Qatar: QCB's Proportionate Framework

The Qatar Central Bank (QCB) published its BNPL regulatory instructions in 2023, requiring all providers to register with the central bank and comply with a conduct framework that mirrors several of the SAMA principles. The QCB framework mandates that BNPL providers undertake a creditworthiness assessment for each consumer, limits the maximum instalment period to twelve months for unregulated credit providers (longer tenors requiring a full consumer finance licence), and requires clear disclosure of all charges at the point of offer. Qatar's relatively smaller consumer market means the regulatory burden is calibrated accordingly, but the QCB has been explicit that non-registered providers operating within Qatari jurisdiction are subject to enforcement action regardless of where they are incorporated.

What the Frameworks Mean in Practice for Payments Firms

The three frameworks share a common architecture even where they differ in detail. Licensing is mandatory. Affordability and creditworthiness assessment is mandatory. Credit bureau integration is mandatory or imminent in all three jurisdictions. Fee transparency at the point of sale is mandatory. The informal operating model, under which a BNPL provider structured its product as a merchant service rather than a consumer credit product to avoid regulatory classification, is no longer viable across any of the three major GCC markets.
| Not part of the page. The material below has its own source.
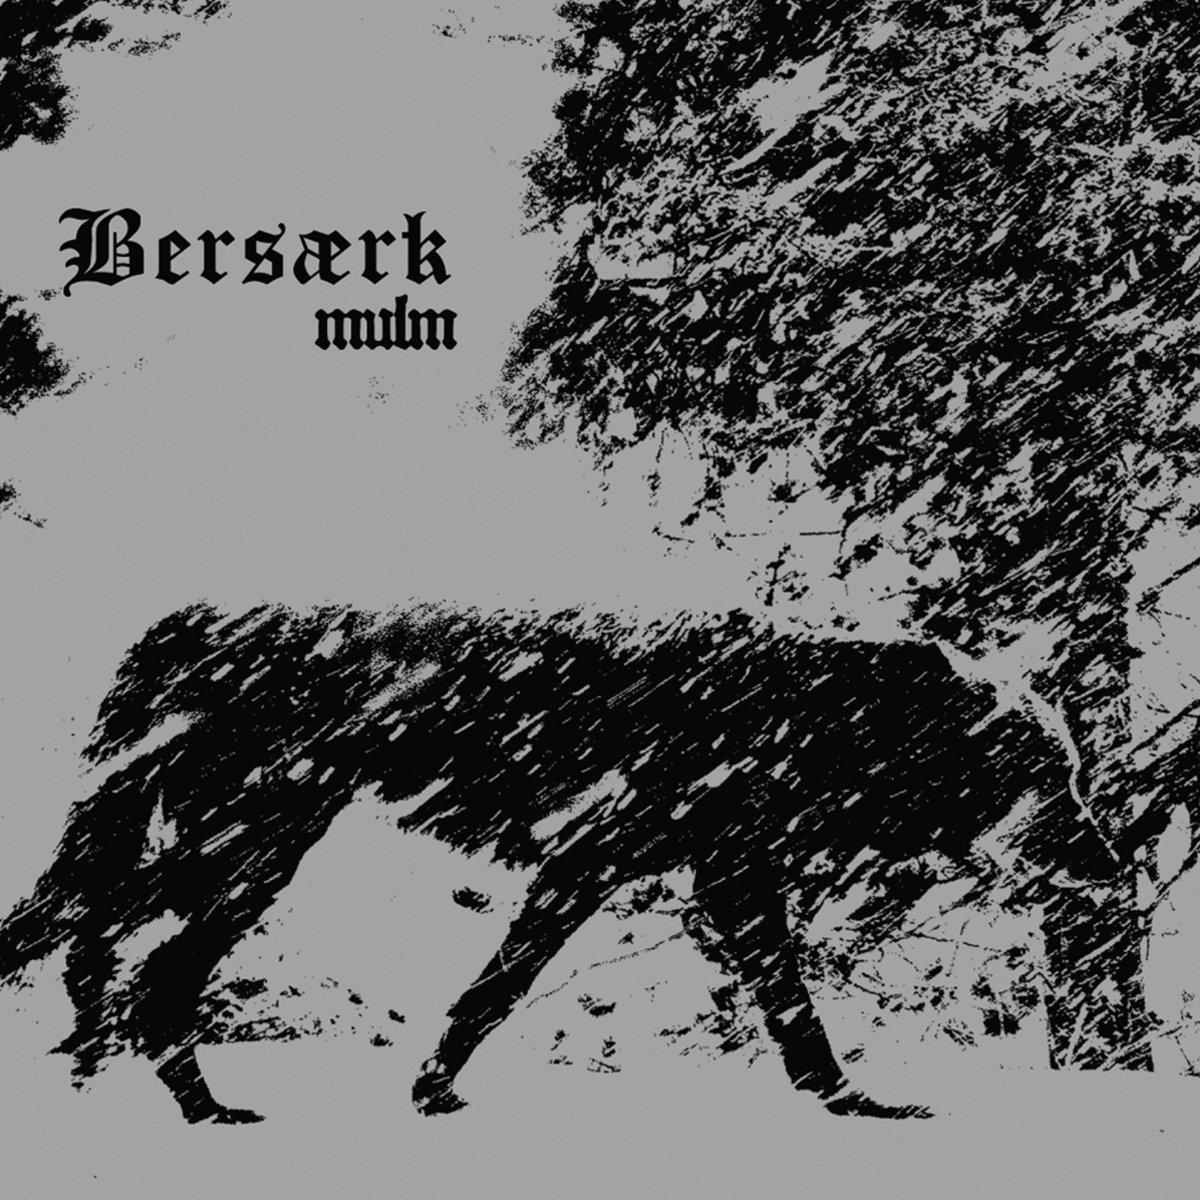 Mulm - Bersærk - Musik - Harzhæreth Media - 9950993980001 - 1/6-2021
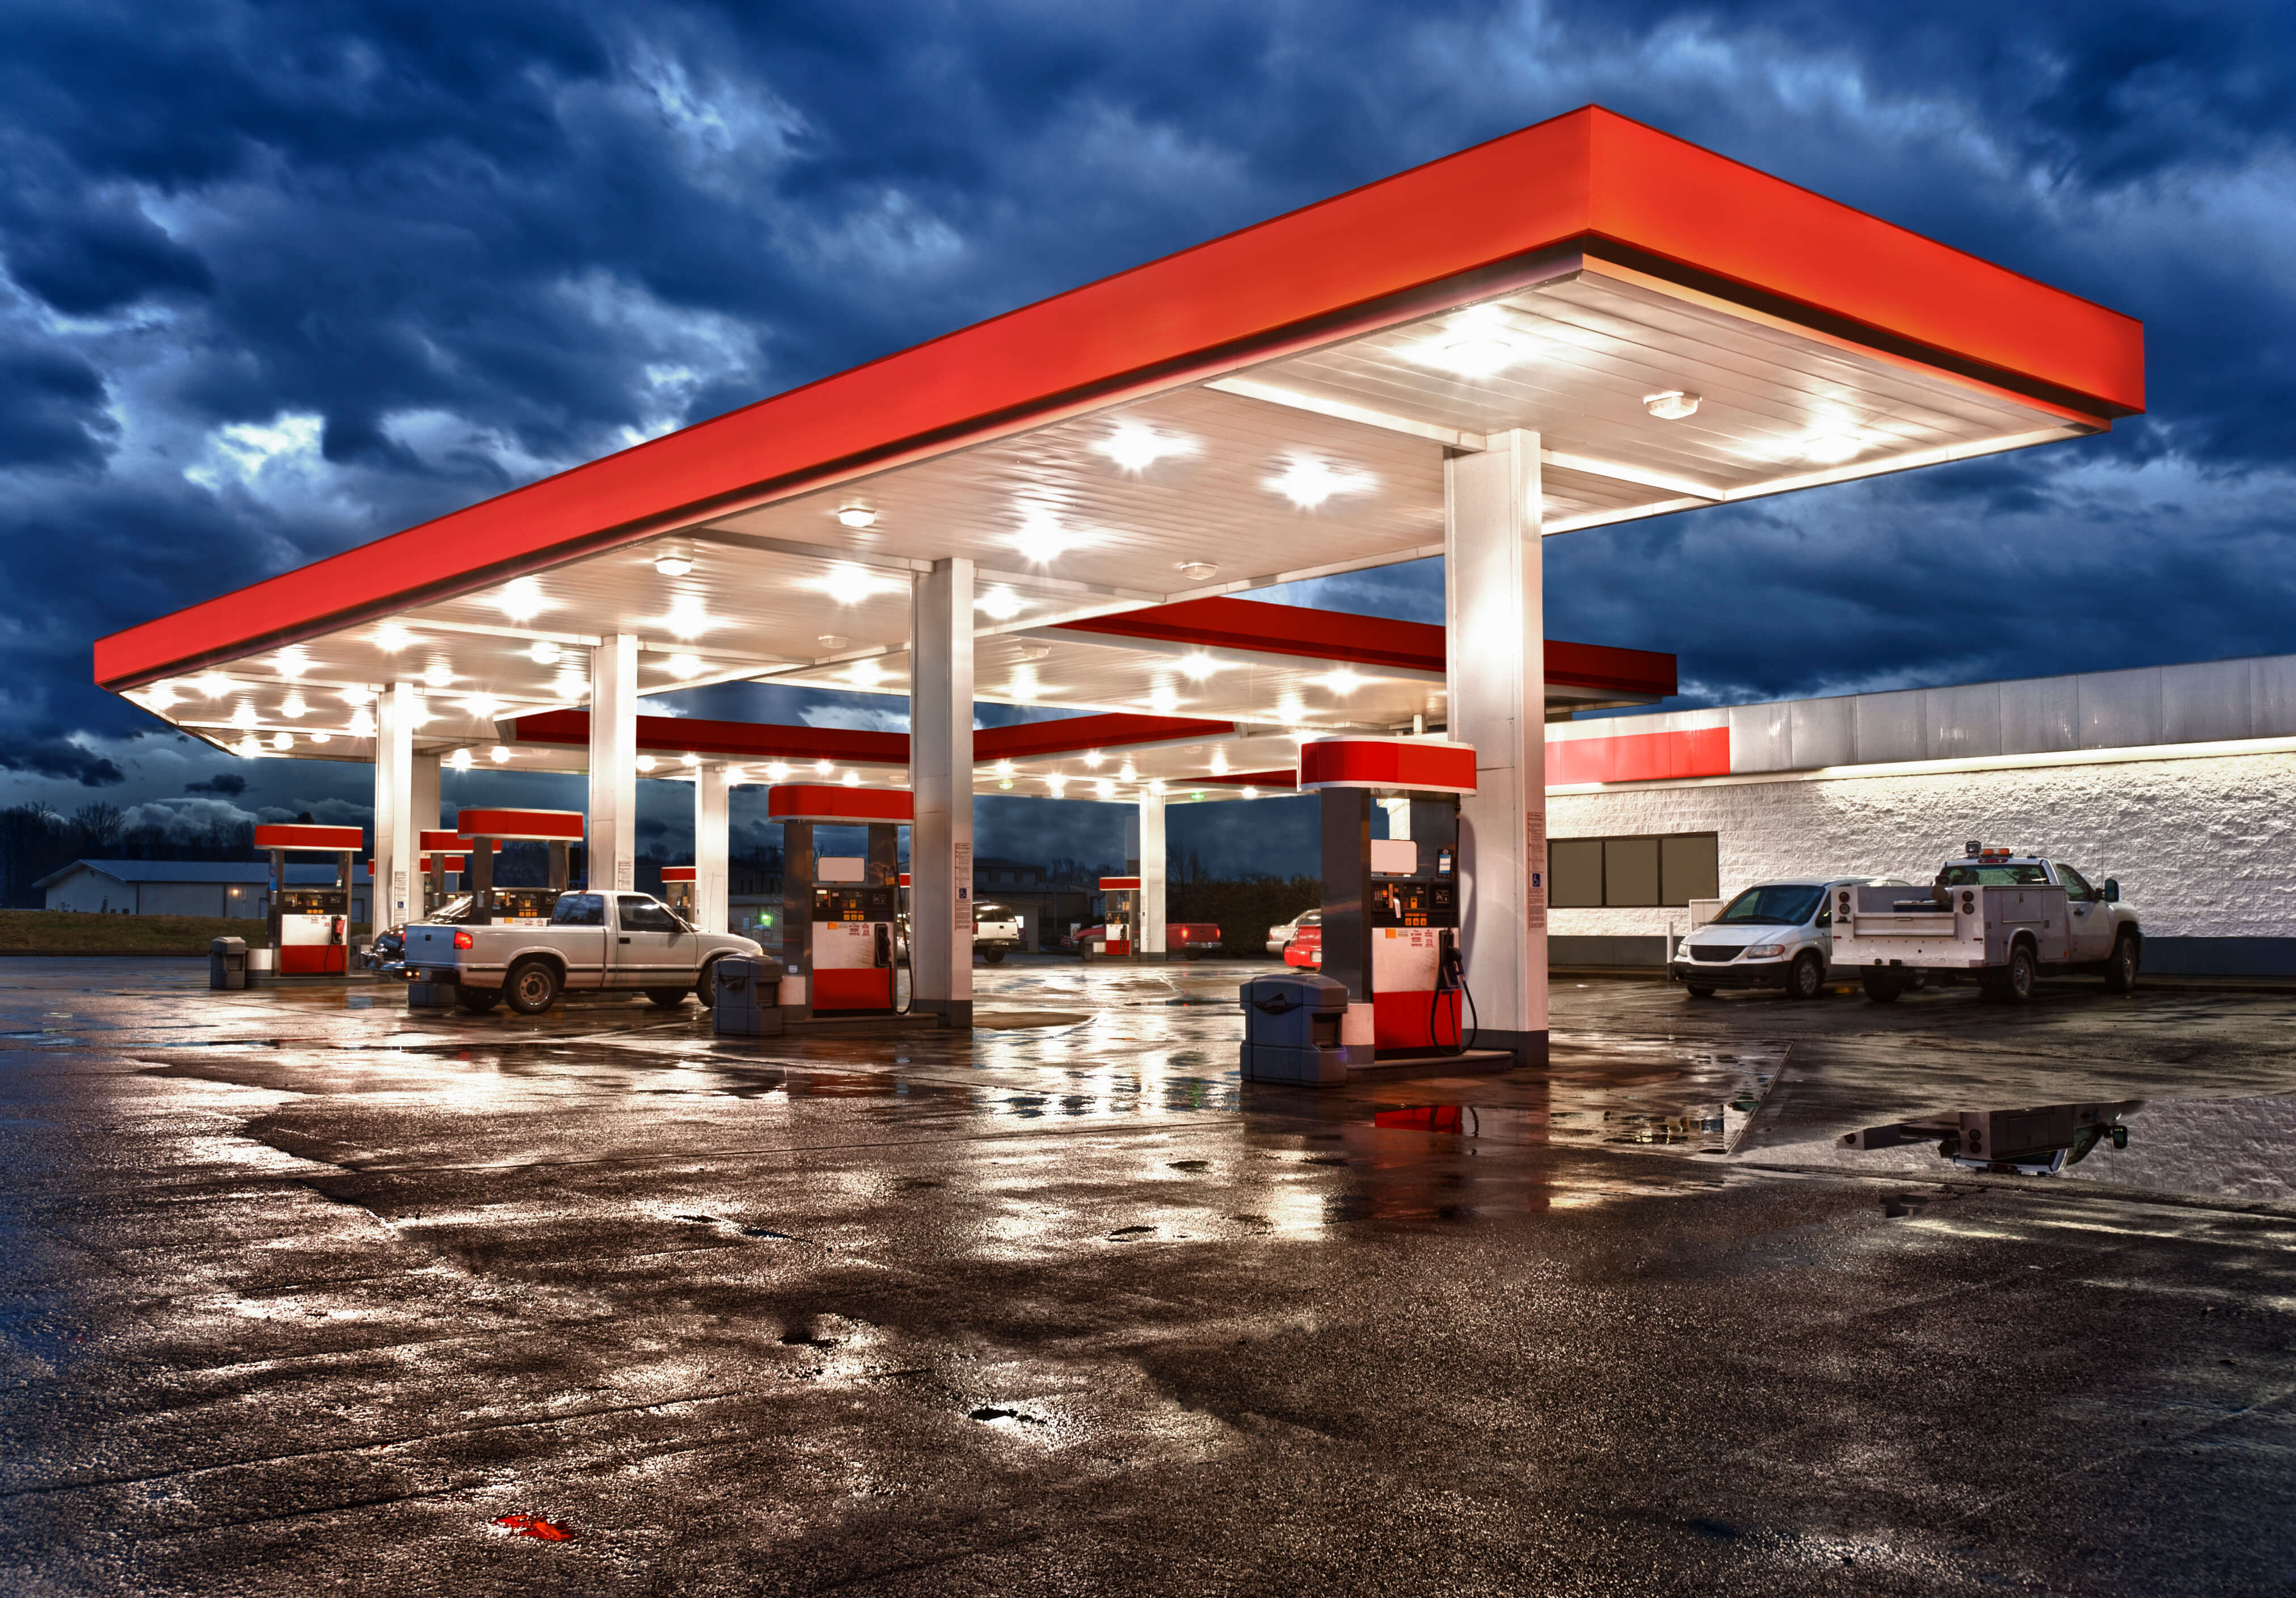 combustível adulterado - postos de gasolina

For payment service providers (PSPs) and acquirers that distribute BNPL as a checkout option, the critical question is whether they have assessed their own obligations under the new frameworks. Merchant agreements that embed BNPL without explicit reference to the regulatory status of the BNPL provider create potential exposure for the acquirer, particularly under conduct and consumer protection provisions that look to the entire payment chain.

Actions for Payments Firms Now

Firms should treat the following as immediate priorities rather than items for the next planning cycle. First, conduct a jurisdictional mapping of every BNPL product or partnership that touches a GCC consumer, regardless of where the contractual relationship is booked. Second, audit merchant agreements and checkout integration documentation to confirm that the BNPL provider in each arrangement holds the relevant licence in each jurisdiction where it operates. Third, engage legal counsel on the CBUAE's forthcoming 2026 prudential guidance, which is expected to introduce capital and liquidity requirements that will affect the funding structures of smaller operators. Fourth, review credit bureau integration workflows: if your platform is not yet submitting BNPL data to SIMAH, AECB, or the QCB's designated bureau, that is a compliance gap with an active enforcement risk attached. Fifth, brief the board and relevant executive committees on the change in risk profile. BNPL is no longer a fintech adjacency; it is a regulated consumer credit product in the GCC, and the governance frameworks of payments firms should reflect that reality now.